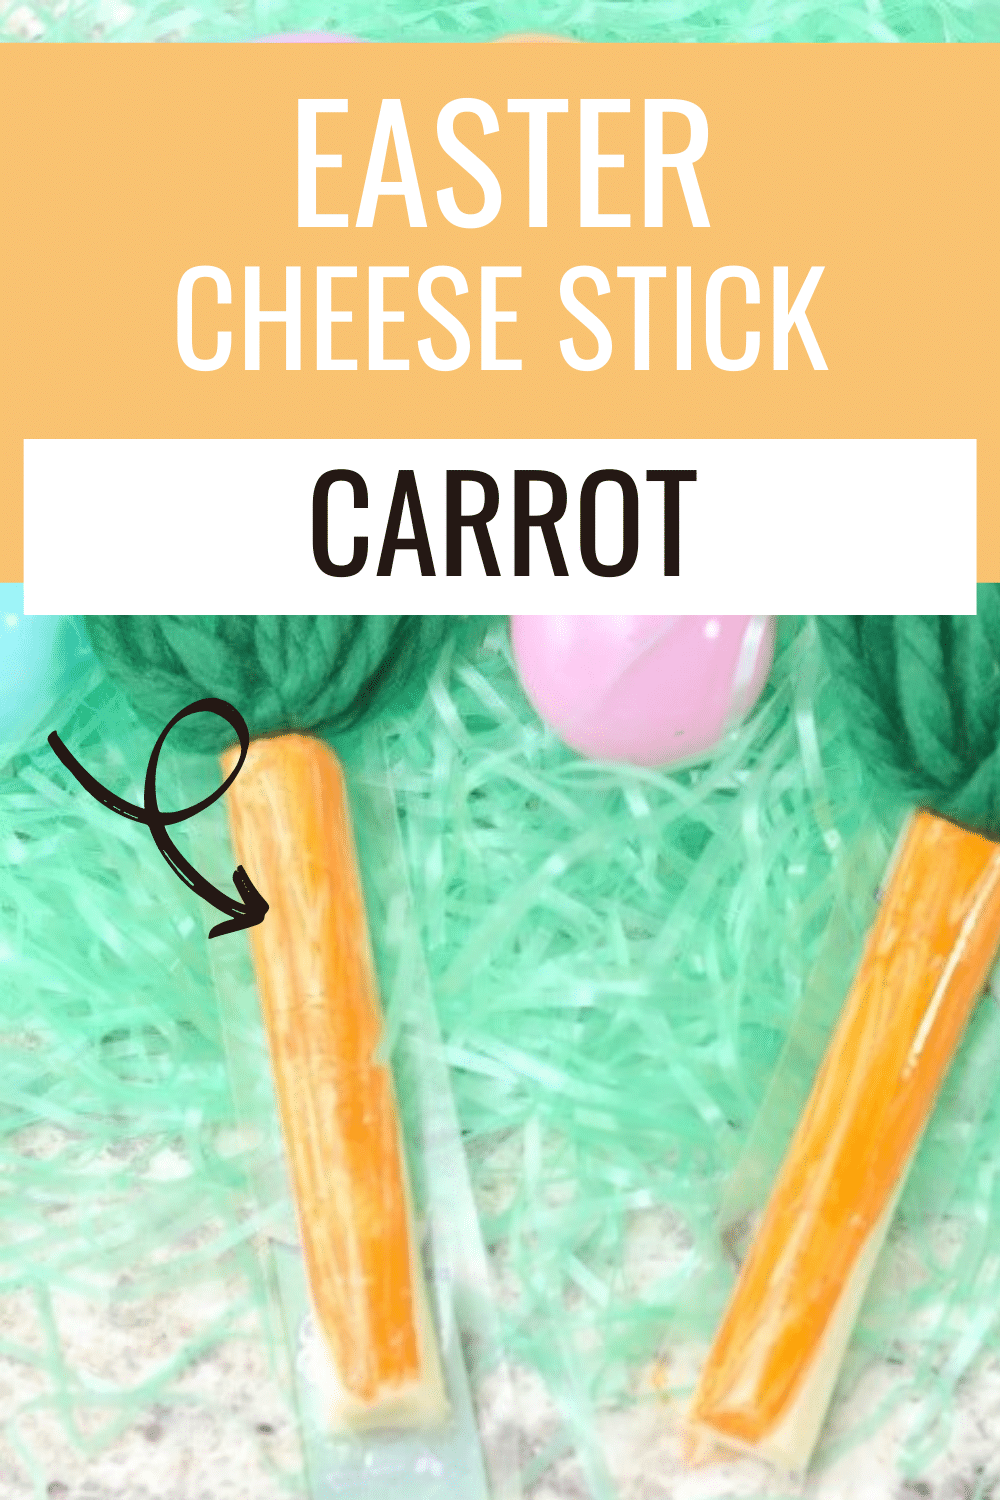 Snack time doesn't have to be boring! This cheese stick carrot is the perfect way to make snack time fun during the Easter season. #easter #funfoodforkids #snacks #easycrafts via @wondermomwannab
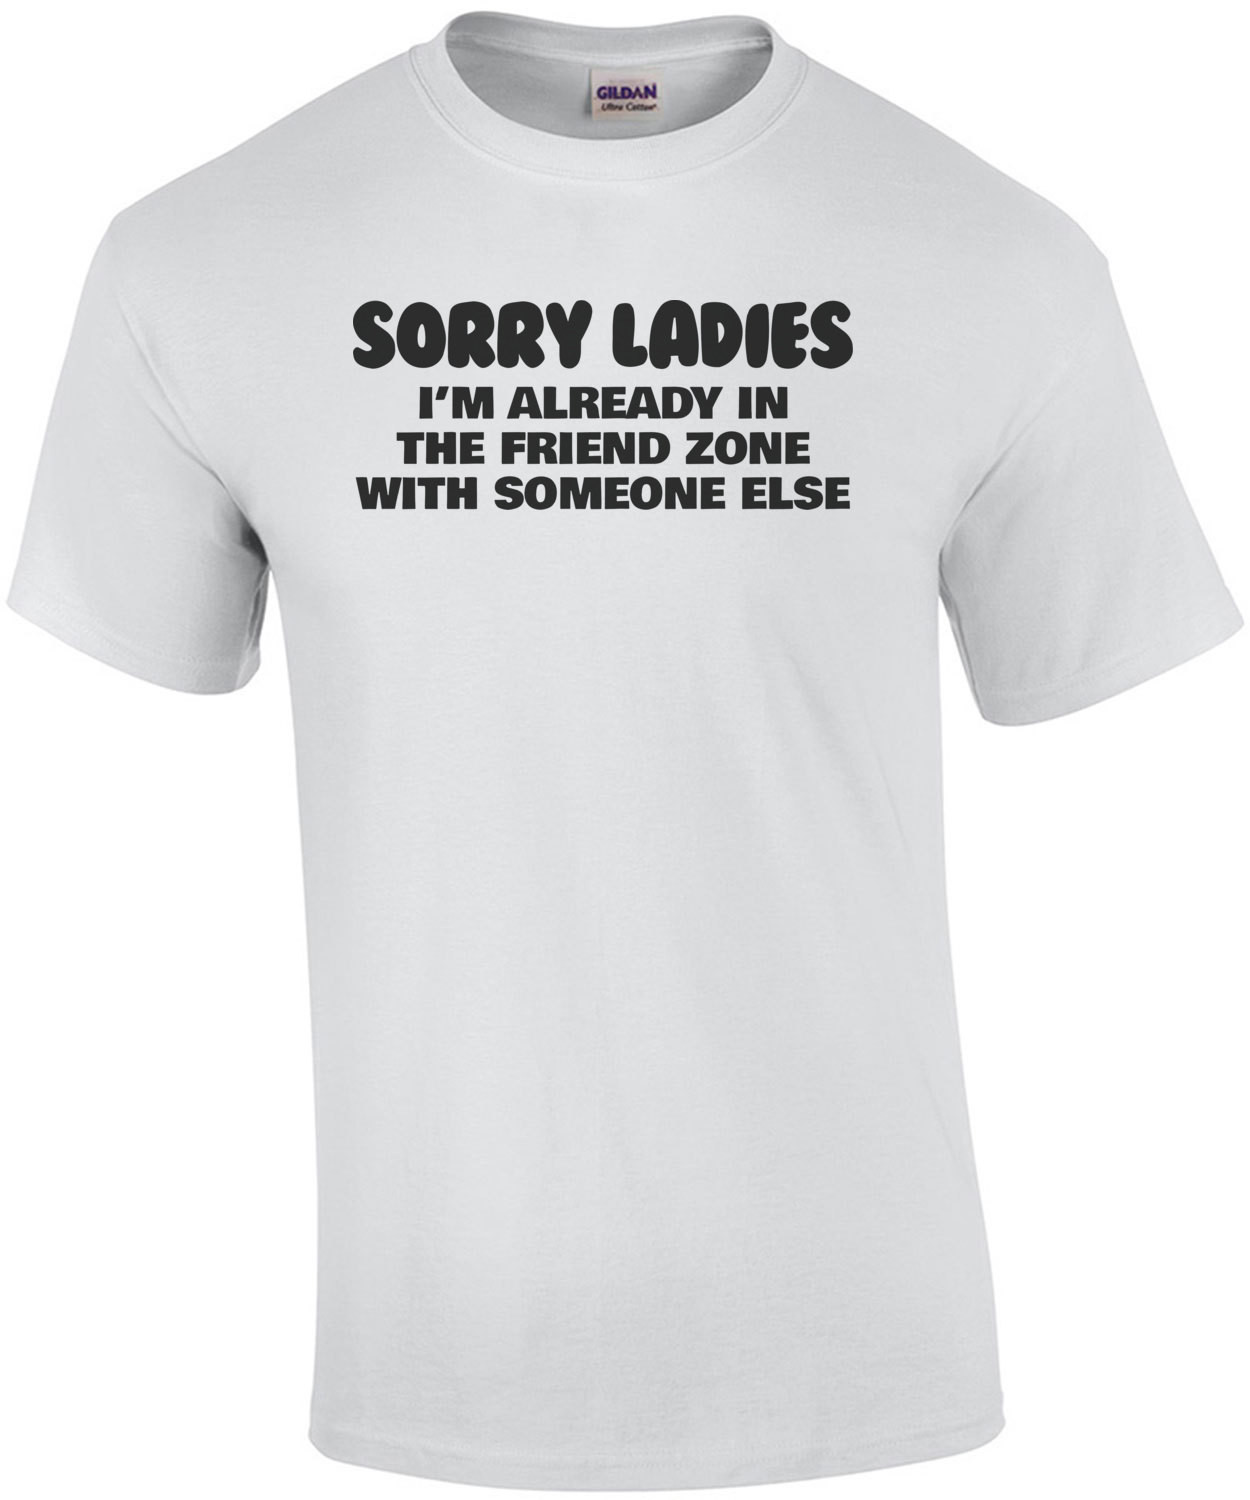 Sorry Ladies I'm Already In The Friend Zone With Someone Else T-Shirt
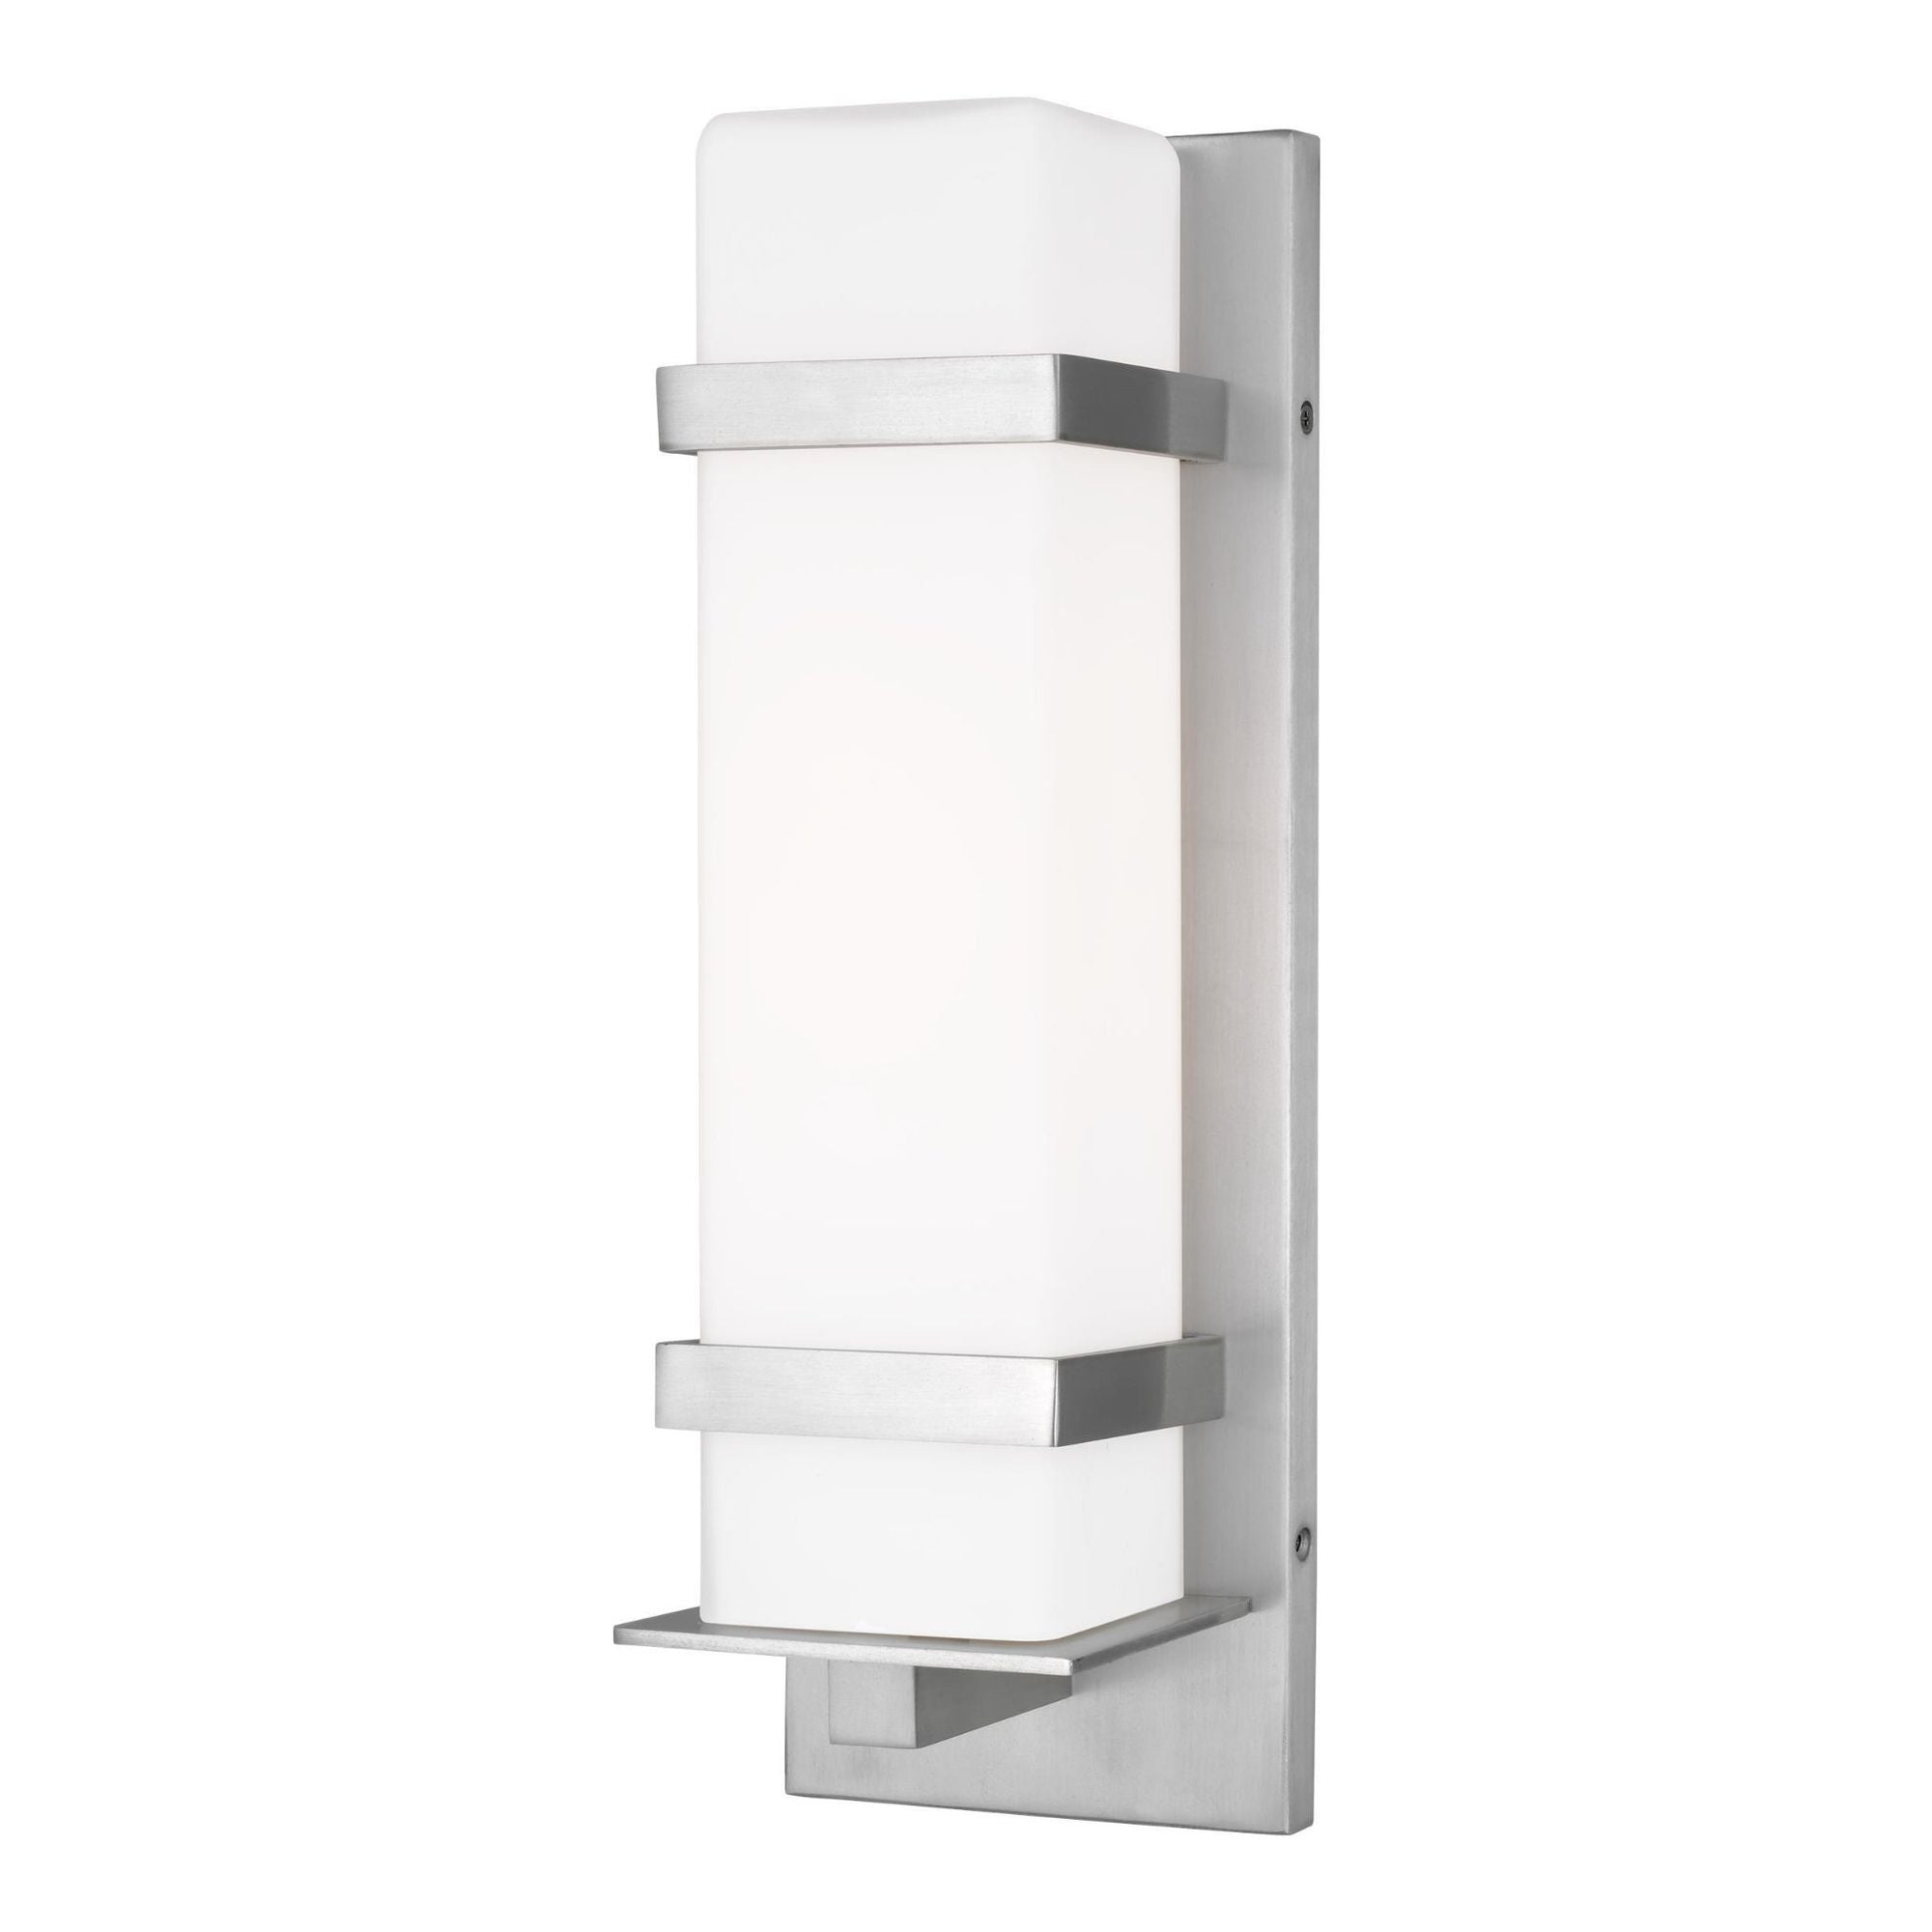 Alban Medium One Light Outdoor Wall Lantern LED Modern Fixture 6" Width 18" Height Aluminum Square Etched Opal Shade in Satin
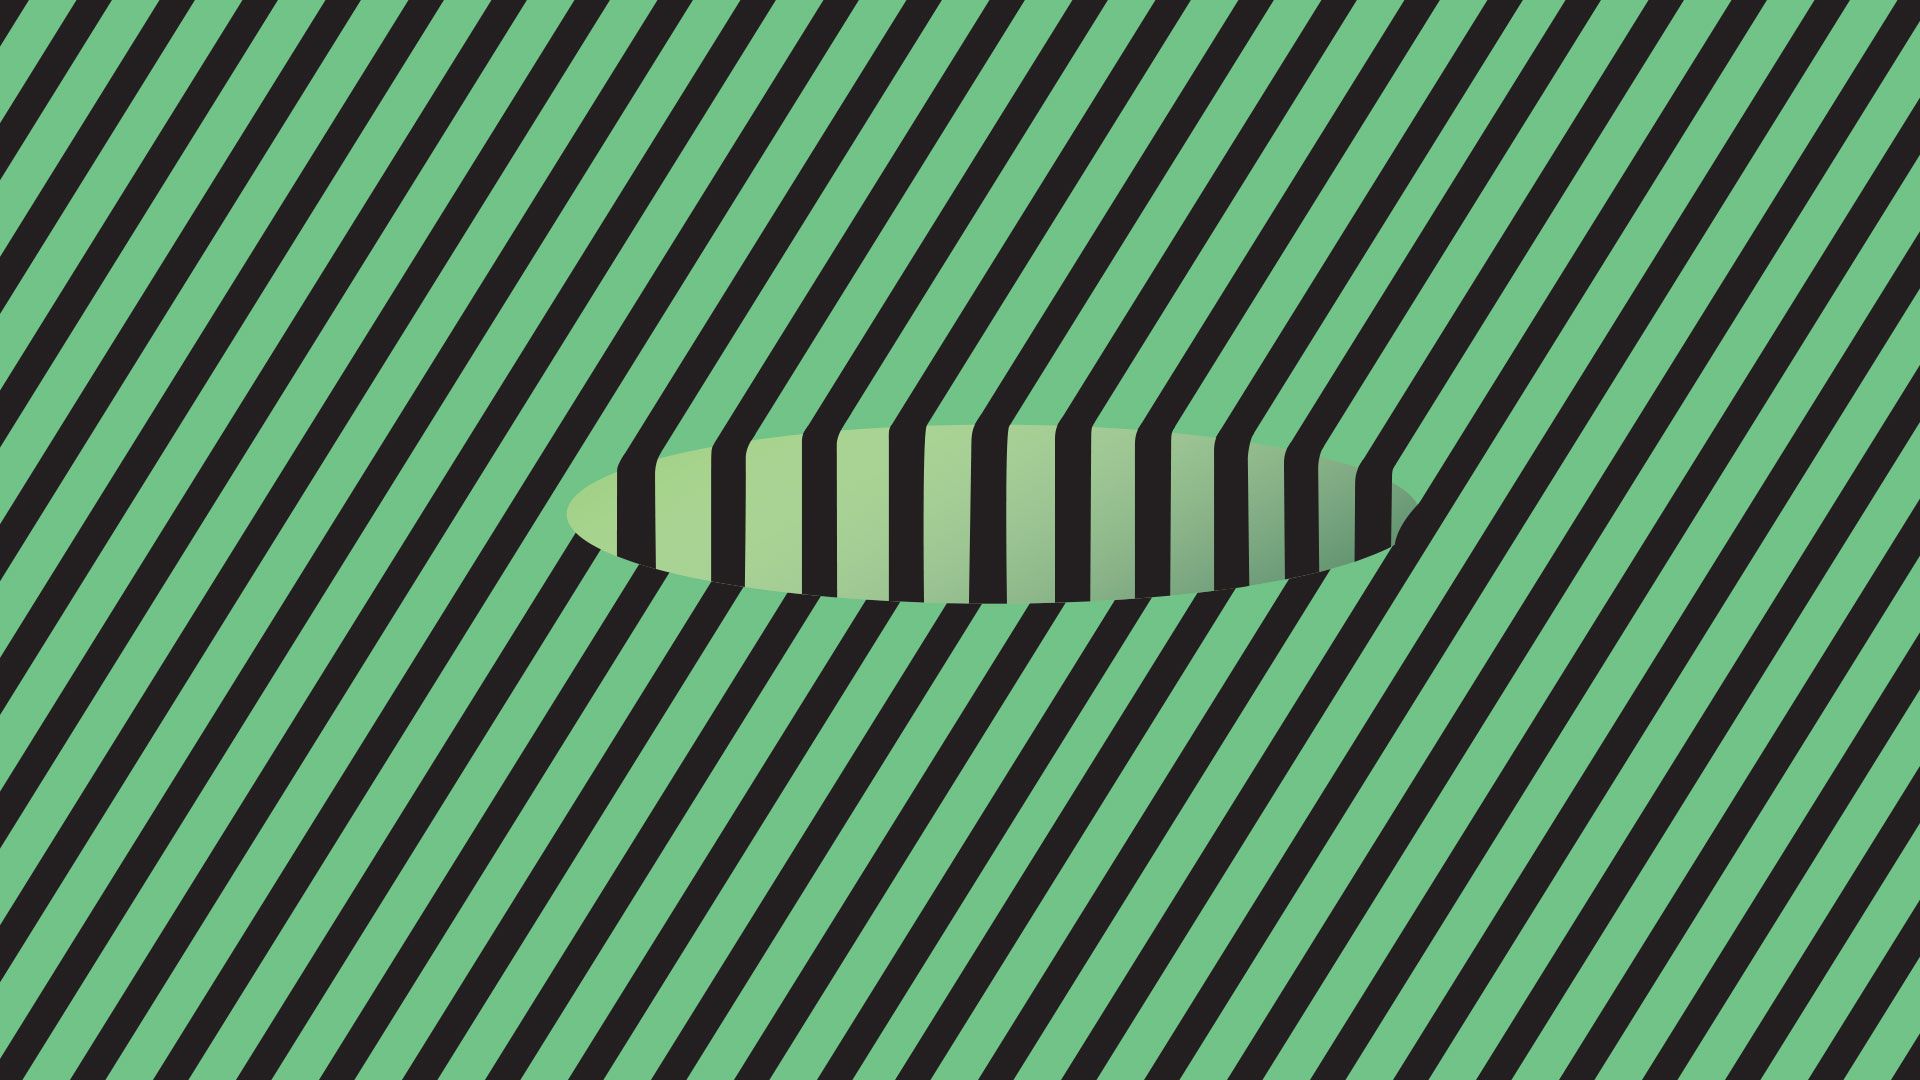 Illustration of hole floating in space shown through alternating green and black lines in a style of optical illusion.

• Problem to solve: Every line of the data should be copied as it stands, without the images.

• Response below:
 Snack time doesn't have to be boring! This cheese stick carrot is the perfect way to make snack time fun during the Easter season. #easter #funfoodforkids #snacks #easycrafts via @wondermomwannab
 Sorry Ladies I'm Already In The Friend Zone With Someone Else T-Shirt
 Alban Medium One Light Outdoor Wall Lantern LED Modern Fixture 6" Width 18" Height Aluminum Square Etched Opal Shade in Satin
 Illustration of hole floating in space shown through alternating green and black lines in a style of optical illusion.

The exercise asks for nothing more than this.